General characteristics
- Class & type: Admiralty W-class destroyer
- Displacement: 1,100 tons
- Length: 300 ft (91.4 m) o/a, 312 ft (95.1 m)p/p
- Beam: 26 ft 9 in (8.2 m)
- Draught: 9 ft (2.7 m) standard, 11 ft 3 in (3.4 m) in deep
- Propulsion: 3 Yarrow type Water-tube boilers; Brown-Curtis steam turbines; 2 shafts; 27,000 shp (20,000 kW);
- Speed: 34 knots (63 km/h; 39 mph)
- Range: 320-370 tons oil, 3,500 nmi (6,500 km) at 15 knots (28 km/h; 17 mph), 900 nmi (1,700 km) at 32 knots (59 km/h; 37 mph)
- Complement: 110
- Armament: 4 × QF 4 in Mk.V (102mm L/45), mount P Mk.I; 2 × QF 2 pdr Mk.II "pom-pom" (40 mm L/39) or;; 1 × QF 3 inch 20 cwt (76 mm), mount HA Mk.II; 6 (2x3) tubes for 21 in torpedoes;

= HMS Wakeful (H88) =

Destroyer of the Royal Navy

HMS Wakeful was a W-class destroyer of the Royal Navy, built under the 1916–1917 Programme in the 10th Destroyer order. Wakeful was assigned to the Grand Fleet after completion, and served into the early years of the Second World War. Wakeful was torpedoed and sunk during Operation Dynamo by a German E-Boat on 29 May 1940.

==Career==

===First World War===
Wakeful joined the Grand Fleet and was present at the surrender of the German High Seas Fleet in 1918. She then went into reserve.

===Second World War===
Just prior to the start of the war in August 1939 Wakeful was reactivated and recommissioned to attend the Royal Review of the Reserve Fleet in Weymouth Bay.
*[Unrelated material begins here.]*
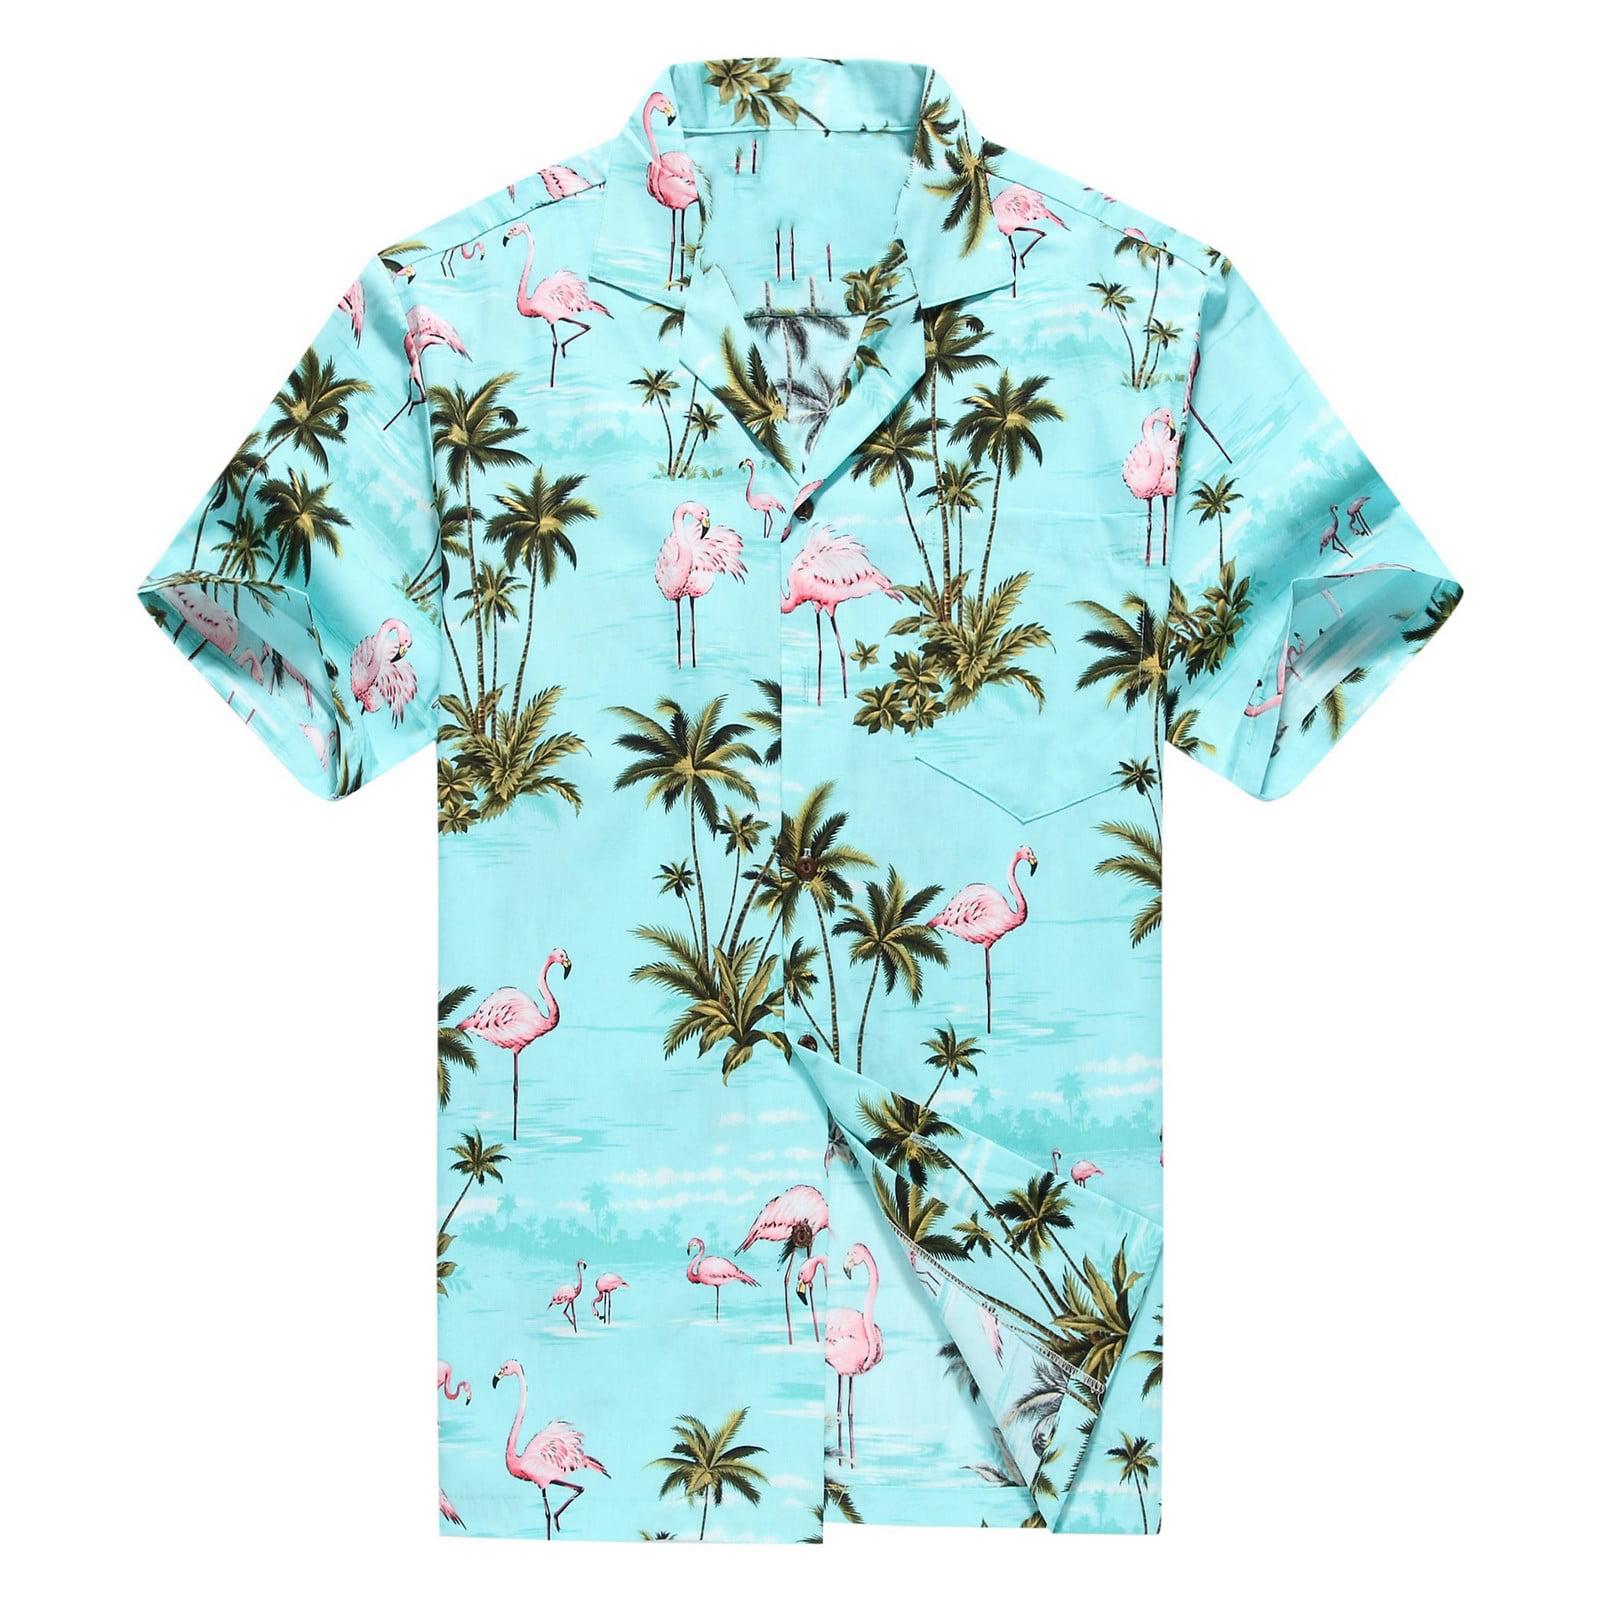 939212e689d Hawaii Hangover - Made in Hawaii Men s Hawaiian Shirt Aloha Shirt Pink  Flamingos Allover in Turquoise - Walmart.com

At the outbreak of war Wakeful was assigned to convoy escort duty with the 17th Destroyer Flotilla, which was part of the Western Approaches Command.

===Operation Dynamo===
Wakeful was selected to support Operation Dynamo, the evacuation of allied troops from Dunkirk, on 26 May 1940. On 27 May 1940 Wakeful embarked 631 Allied troops. While returning them to Dover Wakeful came under air attack and received minor damage below the waterline. Despite the near miss Wakeful returned to Dunkirk to continue the evacuation, embarking 640 Allied troops on 28 May 1940. While carrying this out Wakeful was torpedoed by the German E-Boat S-30. The destroyer was struck by two torpedoes, one hitting the forward boiler room. Casualties were heavy, only five of the 640 Allied troops – Captain Brian Leslie Lynch Abdy Collins Royal Engineers, Sapper Michael Frazer of the Royal Engineers, Mr Stanley Patrick of the Royal Army Service Corps and Mr H.F.R. Ruddell of the Royal Army Service Corps and Mr James 'Jim' Kane of the Royal Tank Regiment plus 25 of Wakefuls crew survived. A number of ships stopped to pick up the survivors, but one of these, the destroyer , was then in turn sunk by a German U-boat.

== Wreck ==
The wreck is a designated War Grave, lying at a depth of 24 m in busy waters along the approaches to Zeebrugge harbour at 51° 22'N, 2° 43'E. Permission is needed from Belgian Nautical Authority to dive on the site. In 2003, work was done to remove parts of the superstructure and funnel that were considered to be a potential danger to navigation; the recovered ship's crest and foot plate are now placed in the National Museum of the Royal Navy.

==Bibliography==
- Campbell, John (1985). "Naval Weapons of World War II"
- Chesneau, Roger (1980). "Conway's All the World's Fighting Ships 1922–1946"
- Cocker, Maurice (1981). "Destroyers of the Royal Navy, 1893–1981"
- Friedman, Norman (2009). "British Destroyers From Earliest Days to the Second World War"
- Gardiner, Robert (1985). "Conway's All the World's Fighting Ships 1906–1921"
- Lenton, H. T. (1998). "British & Empire Warships of the Second World War"
- March, Edgar J. (1966). "British Destroyers: A History of Development, 1892–1953; Drawn by Admiralty Permission From Official Records & Returns, Ships' Covers & Building Plans"
- Preston, Antony (1971). "'V & W' Class Destroyers 1917–1945"
- Raven, Alan (1979). "'V' and 'W' Class Destroyers"
- Rohwer, Jürgen (2005). "Chronology of the War at Sea 1939–1945: The Naval History of World War Two"
- Whinney, Bob (2000). "The U-boat Peril: A Fight for Survival"
- Whitley, M. J. (1988). "Destroyers of World War 2"
- Winser, John de D. (1999). "B.E.F. Ships Before, At and After Dunkirk"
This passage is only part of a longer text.